About Standards for Transcribing Text

In our last meeting we discussed some of the challenges of transcribing text with corrections, alterations, strikeouts, ambiguous letters, etc and I briefly mentioned some transcription projects that have dealt with similar issues. A hackathon participant, Ben Brumfeld, has much more experience in this topic so first I'll point you to some information he has compiled. His blog home page (http://manuscripttranscription.blogspot.com) currently has a transcription of his talk about the variety of formats that various projects are using. A worthwhile read.

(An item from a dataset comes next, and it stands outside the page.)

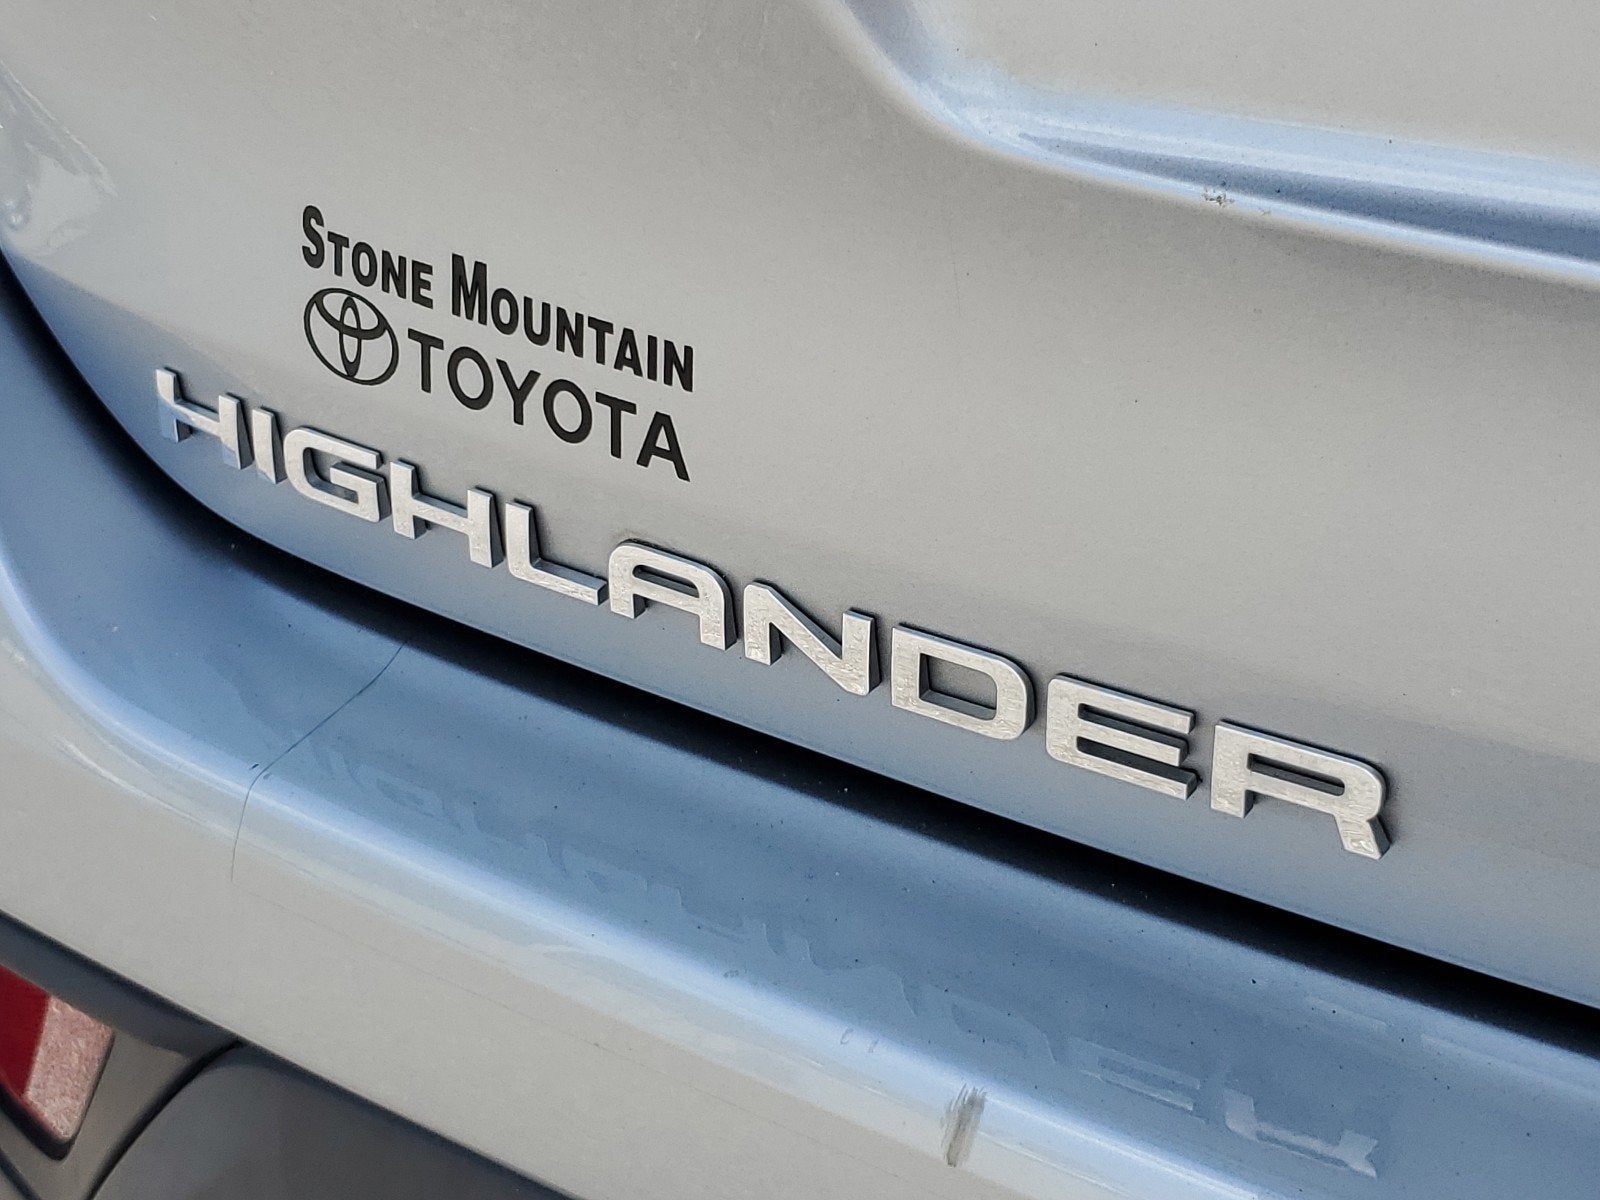 2021 Toyota Highlander XLE

If we decide to try to transcribe or preserve ambiguous or corrected/struckout characters, then the Text Encoding Initiative format might be a good start, though it would require the use of XML elements in brackets. A more lightweight approach might be to utilize some of the wiki markup formats like Markdown (http://daringfireball.net/projects/markdown/syntax) or Textile (http://txstyle.org).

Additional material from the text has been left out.